Israeli law is based mostly on a common law legal system, though it also reflects the diverse history of the territory of the State of Israel throughout the last hundred years (which was at various times prior to independence under Ottoman, then British sovereignty), as well as the legal systems of its major religious communities. The Israeli legal system is based on common law, which also incorporates facets of civil law. The Israeli Declaration of Independence asserted that a formal constitution would be written, though it has been continuously postponed since 1950. Instead, the Basic Laws of Israel (, ħuqey ha-yesod) function as the country's constitutional laws. Statutes enacted by the Knesset, particularly the Basic Laws, provide a framework which is enriched by political precedent and jurisprudence. Foreign and historical influences on modern-day Israeli law are varied and include the Mecelle (Hebrew: מג'לה; the civil code of the Ottoman Empire) and German civil law, religious law (Jewish Halakha and Muslim Sharia; mostly pertaining in the area of family law), and British common law. The Israeli courts have been influenced in recent years by American Law and Canadian Law and to a lesser extent by Continental Law (mostly from Germany).

History
The modern judicial system in Palestine, later the State of Israel, was established by a British senior judicial officer, Orme Bigland Clarke, who was appointed by General Edmund Allenby in 1918, following the  British conquest. The British military administration of Palestine (1917-1920) was replaced with a civilian one which operated under the Constitution of Mandatory Palestine, promulgated through an Order in Council by the British monarch in 1922.

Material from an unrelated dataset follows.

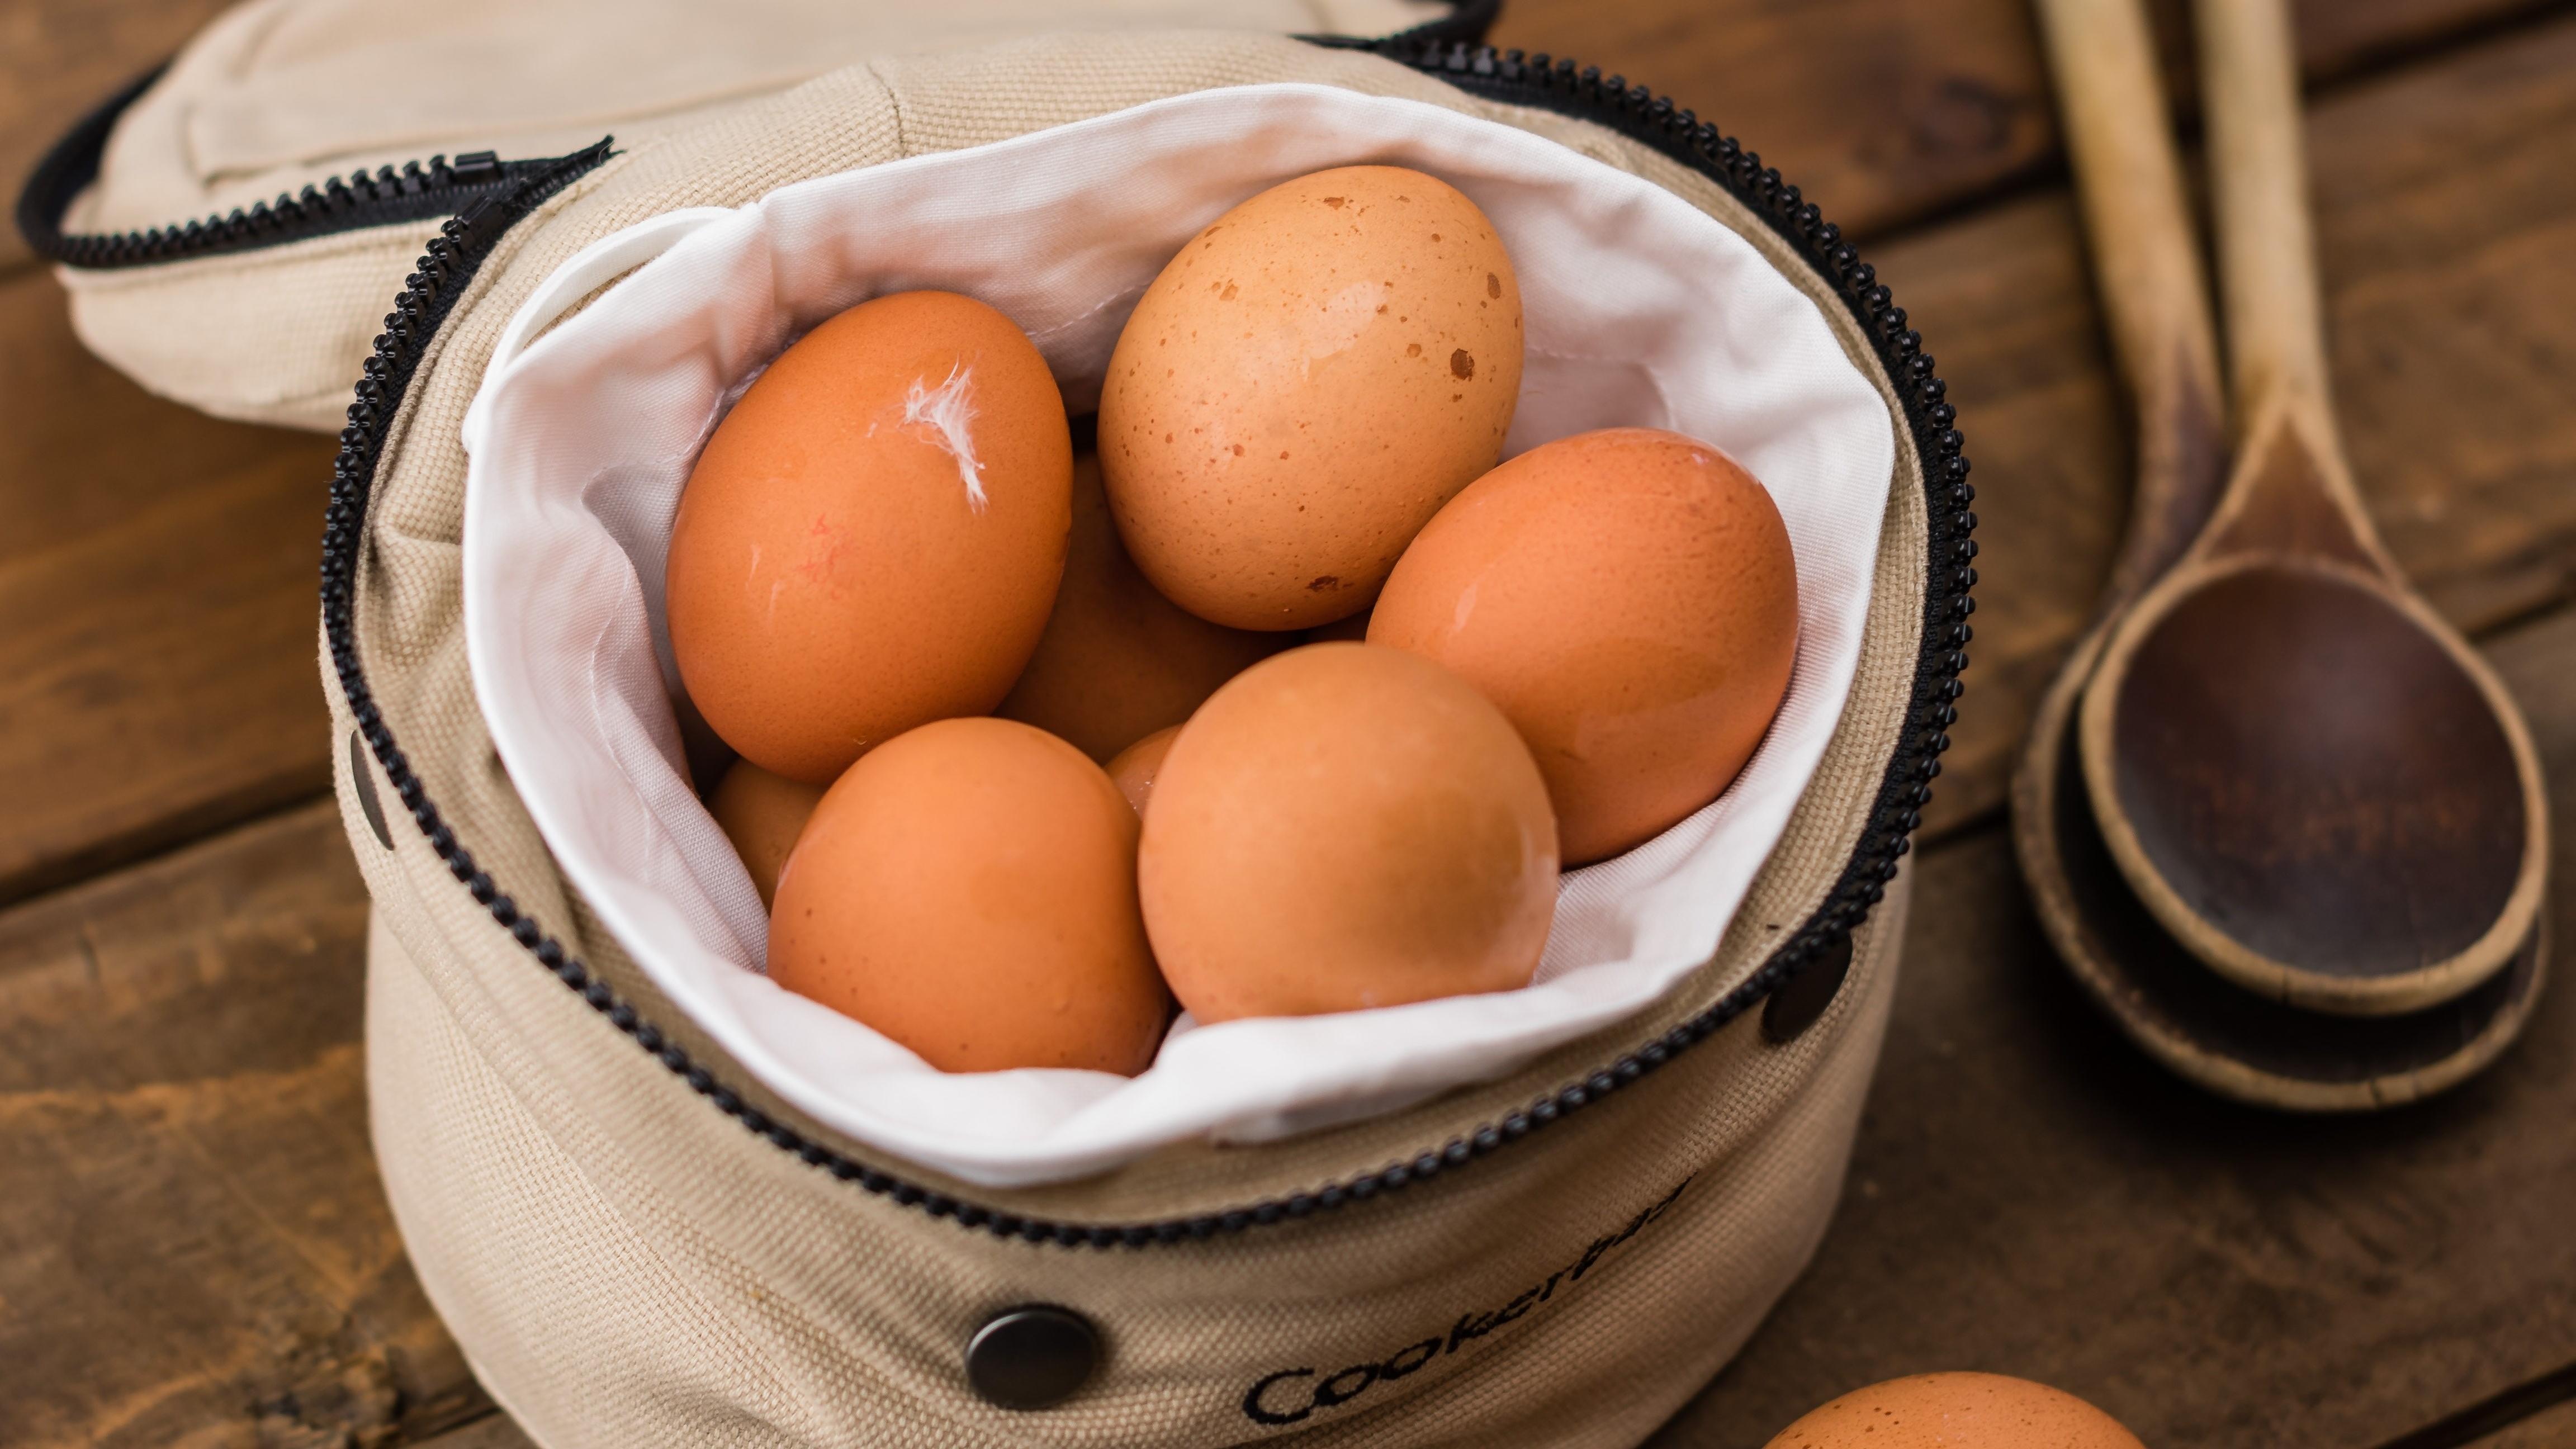 Eier lagern: Darauf sollten Sie achten

Britain, which in 1920 received a League of Nations mandate to govern Palestine, implemented the common-law system, except for the jury system.  Legal precedents in torts and  contracts were borrowed from England, and certain legal areas were codified in order to assure legal certainty.  Thus the penal code in Israel was practically the same as that used by the British in India or in other British colonies and territories.

On 14 May 1948 a Bill of Independence was signed as a manifesto for the new State of Israel.  While it was drafted as a universal and democratic declaration expressing noble ideas prevalent at the time, it is non-binding, although it has occasionally been used as a guiding tool by the courts.

With the establishment of the Israeli state, English law as it was on the date of independence remained binding, with post-1948 English law developments being persuasive and not binding. This was enabled by the first legislative act of the Provisional State Council, which enacted a reception statute as part of the "Law and Administration Ordinance" published on 19 May 1948, four days after the Declaration of Independence.

Some aspects of Turkish Ottoman law still remain operational , such as placing personal status and marriage law in the hands of religious courts. Also the Turks had adopted a  Napoleonic-style  land-registration system, through a successive Block and Lot entries. Many Turkish  land laws remain in force.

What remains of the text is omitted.